Description
“Blessed shall you be when you arrive and blessed shall you be when you depart” is an ancient rabbinic academy’s inscription on a hill overlooking the sea in the Ajami neighborhood of Jaffa where lies the Al Kazakhani graveyard. Dating back to the 19th century Ottoman Empire, the name Kazakhani takes its origin from the previous usage of the site as a location for the sales of gas (Kaz).
With the exception of a few recent graves belonging to families in the neighborhood, the graves belong mostly to ancestors of refugees whose families were exiled in 1948. Due to corrosion from the sea, and negligent maintenance by local authorities, the names and forms of the tombstones are no longer recognizable, thus reducing the symbols of death and honor to a constant state of deterioration.
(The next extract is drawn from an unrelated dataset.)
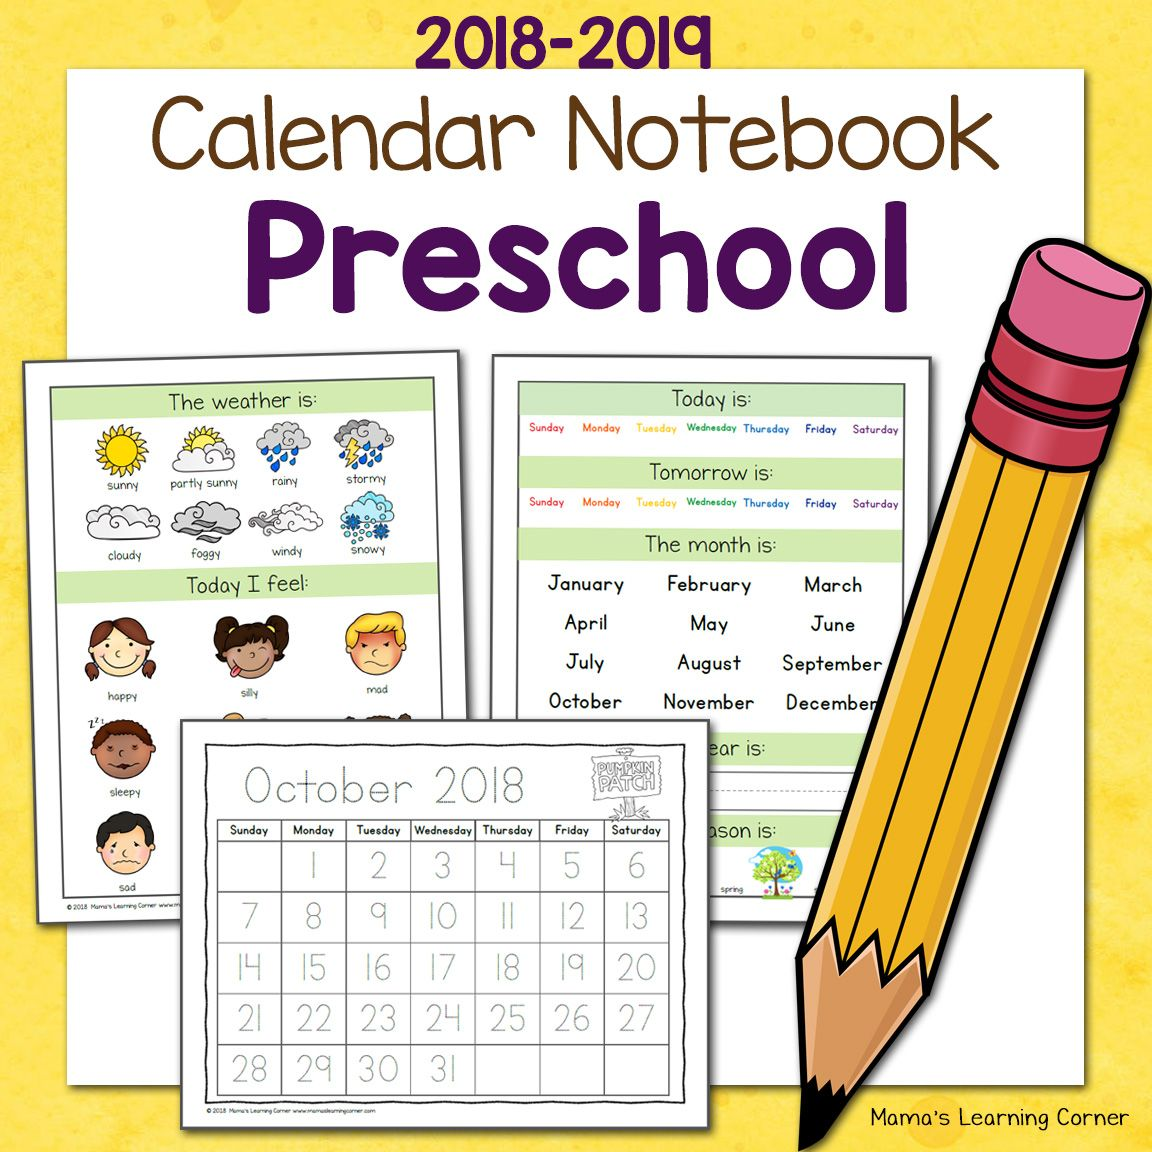 Preschool Calendar Notebook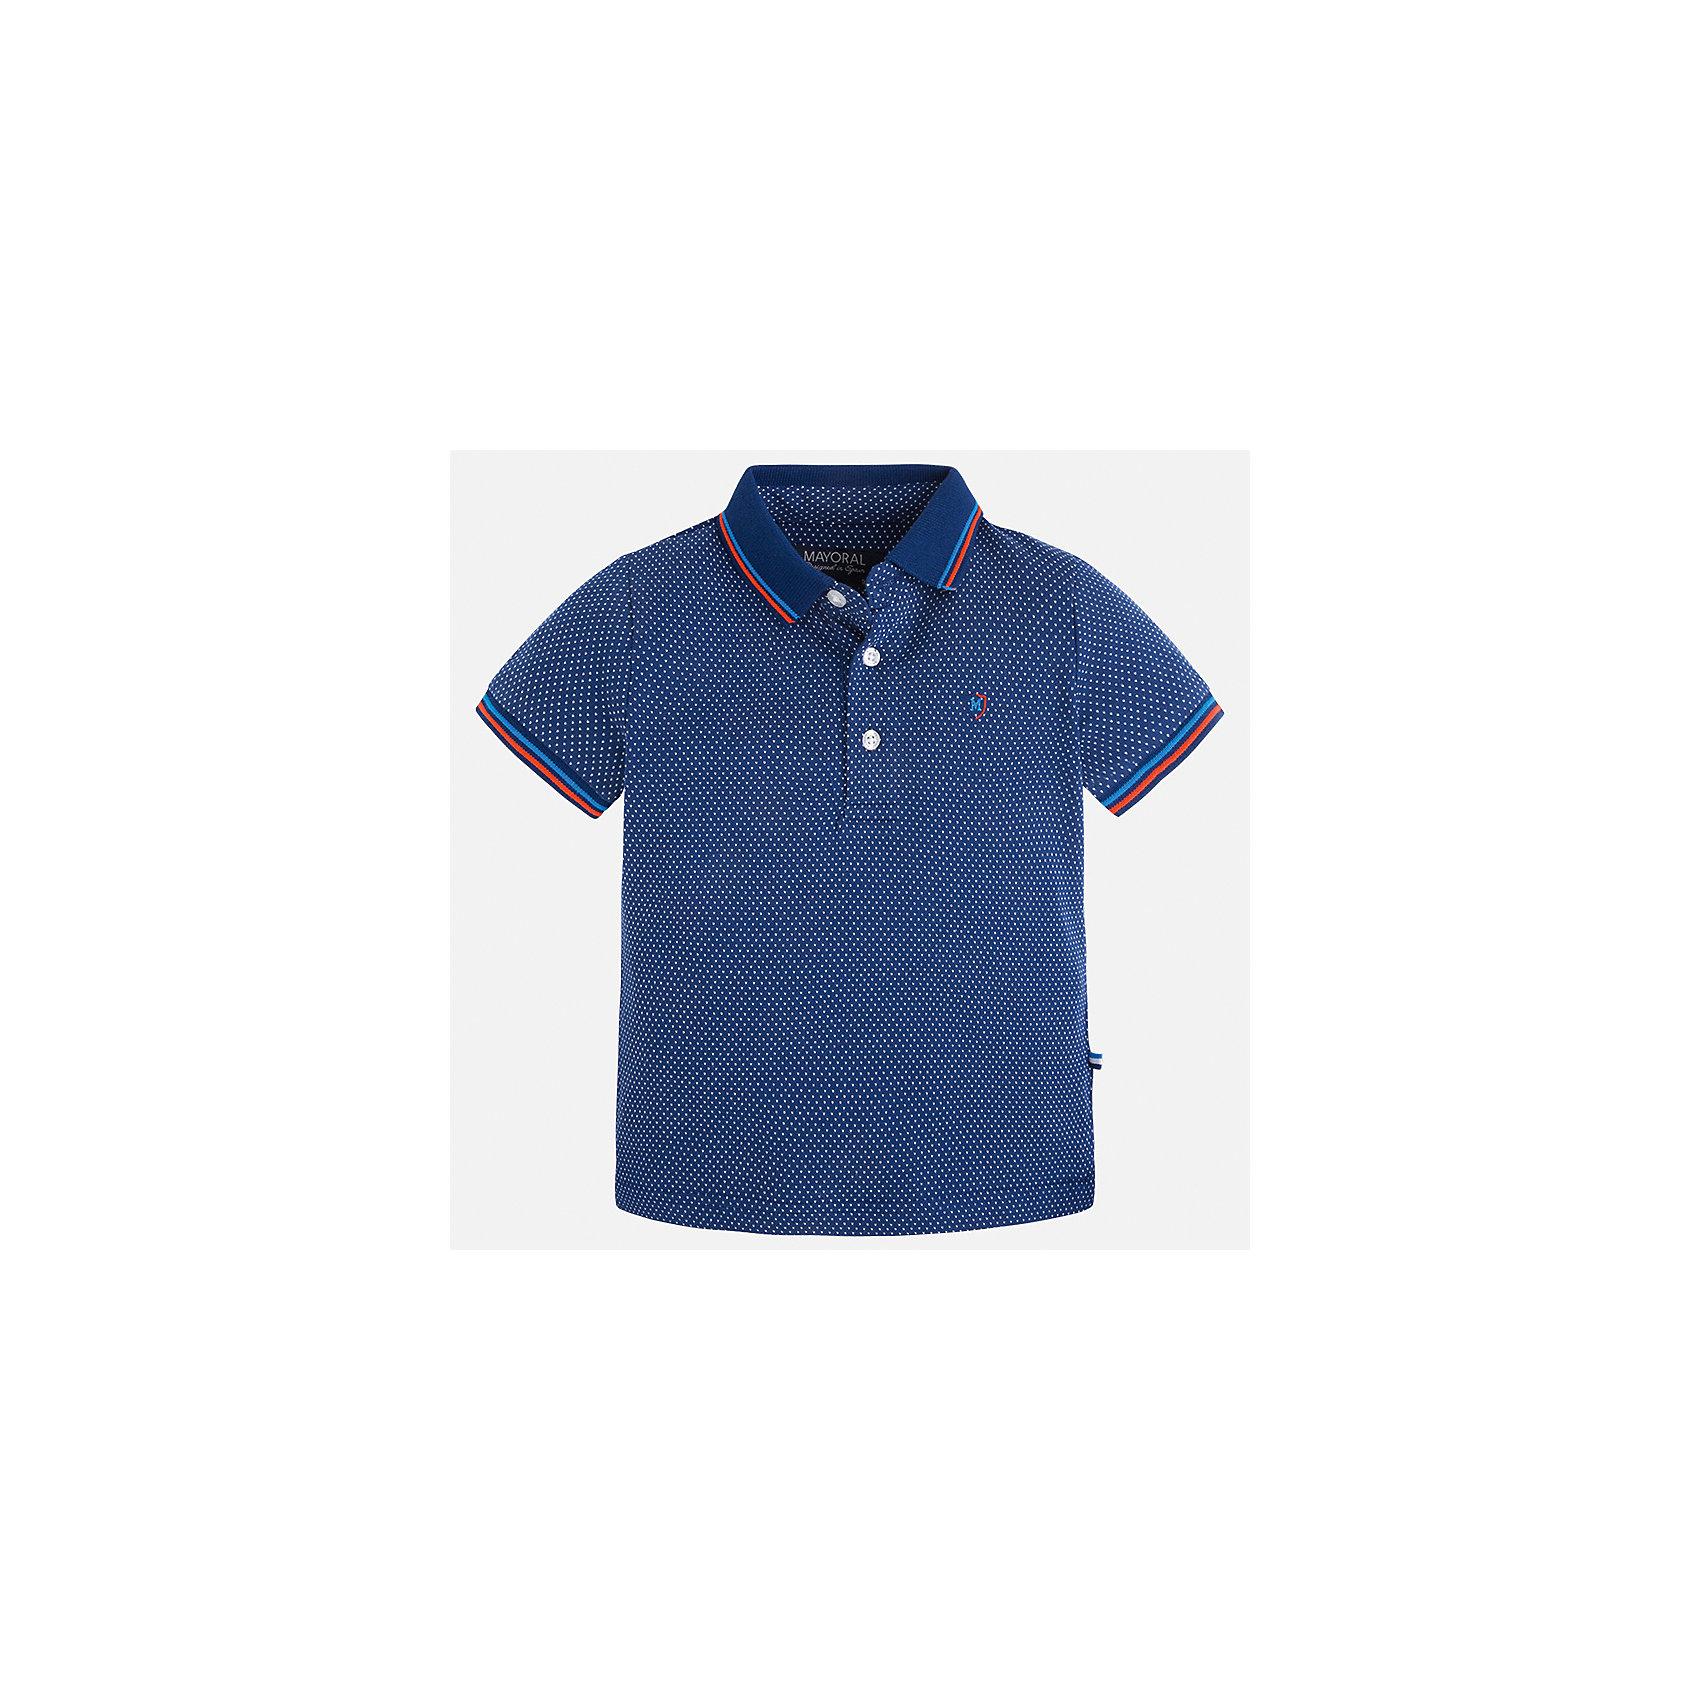 Футболка-поло для мальчика MayoralФутболки, поло и топы<br>Характеристики товара:<br><br>• цвет: синий<br>• состав: 100% хлопок<br>• отложной воротник<br>• короткие рукава<br>• застежка: пуговицы<br>• декорирована вышивкой<br>• страна бренда: Испания<br><br>Модная футболка-поло для мальчика может стать базовой вещью в гардеробе ребенка. Она отлично сочетается с брюками, шортами, джинсами и т.д. Универсальный крой и цвет позволяет подобрать к вещи низ разных расцветок. Практичное и стильное изделие! В составе материала - только натуральный хлопок, гипоаллергенный, приятный на ощупь, дышащий.<br><br>Одежда, обувь и аксессуары от испанского бренда Mayoral полюбились детям и взрослым по всему миру. Модели этой марки - стильные и удобные. Для их производства используются только безопасные, качественные материалы и фурнитура. Порадуйте ребенка модными и красивыми вещами от Mayoral! <br><br>Футболку-поло для мальчика от испанского бренда Mayoral (Майорал) можно купить в нашем интернет-магазине.<br><br>Ширина мм: 199<br>Глубина мм: 10<br>Высота мм: 161<br>Вес г: 151<br>Цвет: синий<br>Возраст от месяцев: 48<br>Возраст до месяцев: 60<br>Пол: Мужской<br>Возраст: Детский<br>Размер: 110,134,116,128,92,98,122,104<br>SKU: 5271868

The one grave which is in exceptionally in a good state is that of Ibrahim Abu Lughud who was an intellectual, political activist and Palestinian leader born in Jaffa under the British Mandate. He left Jaffa on the last evacuation boat in 1948. After a successful academic career in the US, he returned to the West Bank where he became vice president of Birzeit University. Before his death in Ramallah in 2001, he had requested to be buried in Jaffa. Despite attempts by the Israeli authorities to prevent it, he was buried in the Kazakhani cemetery, hence becoming one of the few Palestinians who have fulfilled the ‘Right of Return’ if only, paradoxically, in death.